Serge Orru, ancien directeur général du WWF. — G. LABARTHE / 20 MINUTES

Quand on pense aux méfaits de la cigarette, c’est rarement la pollution de l’environnement qui vient à l’esprit en premier. Et pourtant: selon l’Organisation mondiale de la santé (OMS), le tabac est responsable chaque année de la déforestation de 200.000 hectares de terres dans le monde, génère 2,3 millions de tonnes de déchets industriels et 209.000 tonnes de déchets chimiques. Sans compter le million de tonnes de filtres fabriqués chaque année, non biodégradables, qui se retrouvent dans les rues et les cours d’eaux. C’est pour prévenir le geste banal, mais lourd de conséquence, de jeter son mégot dans la rue, que Les amis du Vent ont lancé la campagne «Jette pas ton mégot, deviens un héros.» Carina Orru, présidente de l’association Les Amis du Vent, et Serge Orru, directeur du WWF-France, nous présentent cette campagne qui va transformer les fumeurs écolos en super-héros.

Pourquoi avoir choisi de lutter contre les mégots?

A travers les mégots, c’est l’action de jeter que nous voulons remettre en question. Ce sont les codes de la société de consommation que nous voulons revoir, les symboles. Par exemple, les sacs plastiques étaient devenus indispensables, systématiques dans les supermarchés. Après notre campagne «Halte aux sacs plastiques»  en 1997-98 et le référendum qui en a interdit la distribution en Corse en 2003, on doit aujourd’hui les demander pour en avoir. A travers le sac plastique et le mégot, c’est toute la problématique du jetable qui est posée: comment faire pour passer à une société du durable?
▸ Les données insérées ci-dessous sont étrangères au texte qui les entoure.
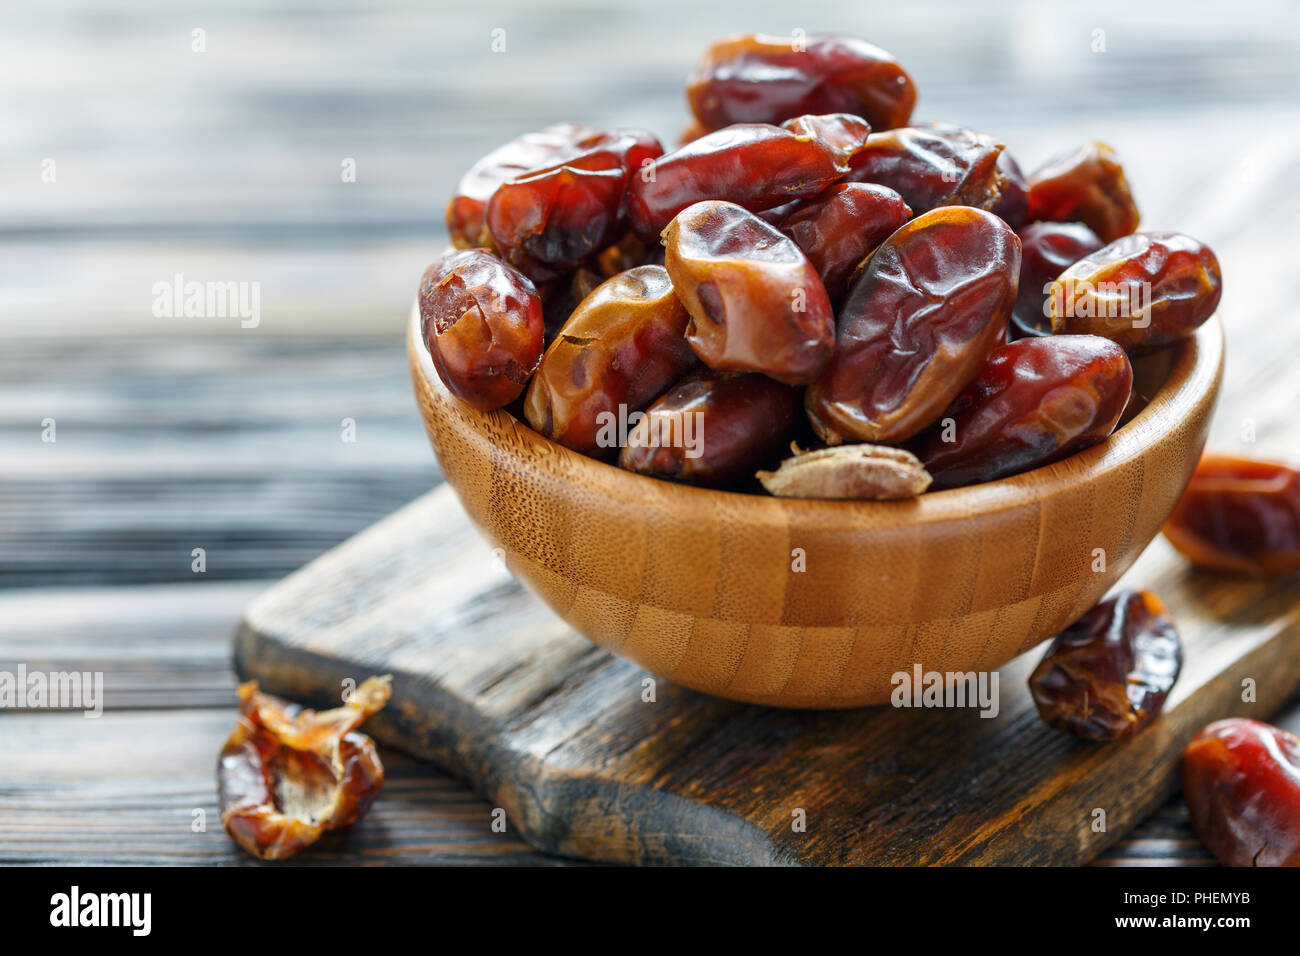 Dried date fruit in a wooden bowl. Stock Photo

Quels problèmes spécifiques pour l’environnement posent les mégots?

Les centres d’épuration des eaux commencent à avoir des problèmes. Les mégots jetés dans la rue se retrouvent dans les caniveaux puis dans les égouts où ils libèrent des produits toxiques. En fin de course, ils sont incinérés, ce qui pollue encore une fois. D’autre part, quand on les jette dans la nature, ils peuvent provoquer des feux de forêt.

Que faudrait-il faire pour prévenir cette pollution?

Il faudrait distribuer des cendriers de poche dans tous les bureaux de tabac et surtout mettre des cendriers dans toutes les zones fumeurs. La loi à ce sujet n’est pas respectée, notamment en bas des immeubles ou des bureaux. Nous, nous demandons seulement un geste citoyen simple, de ne pas jeter ses mégots par terre. Cela peut paraître léger, mais dire: «On ne jette pas dans la nature», ça s’applique aussi bien aux mégots qu’aux déchets nucléaires.

Comment se concrétise la campagne «Jette pas ton mégot, deviens un héros»?

Cette campagne a été lancée lors du dernier festival du Vent à Calvi, à la fin 2010. Elle va s’étendre sur une année où 3.000 cendriers de poche seront distribués. Il y aura une action spécifique pour les plages, via les offices de tourisme qui distribueront des cendriers, notamment en Corse.

Comment pourrez-vous mesurer la réussite de la campagne?

On s’en apercevra en regardant les trottoirs ou en interrogeant la voirie et les centres de retraitement des eaux. Nous avons testé les cendriers de poche au festival du Vent et ça a marché: alors qu’on passait des journées entières à ramasser les mégots, cette année on n’en avait quasiment plus par terre.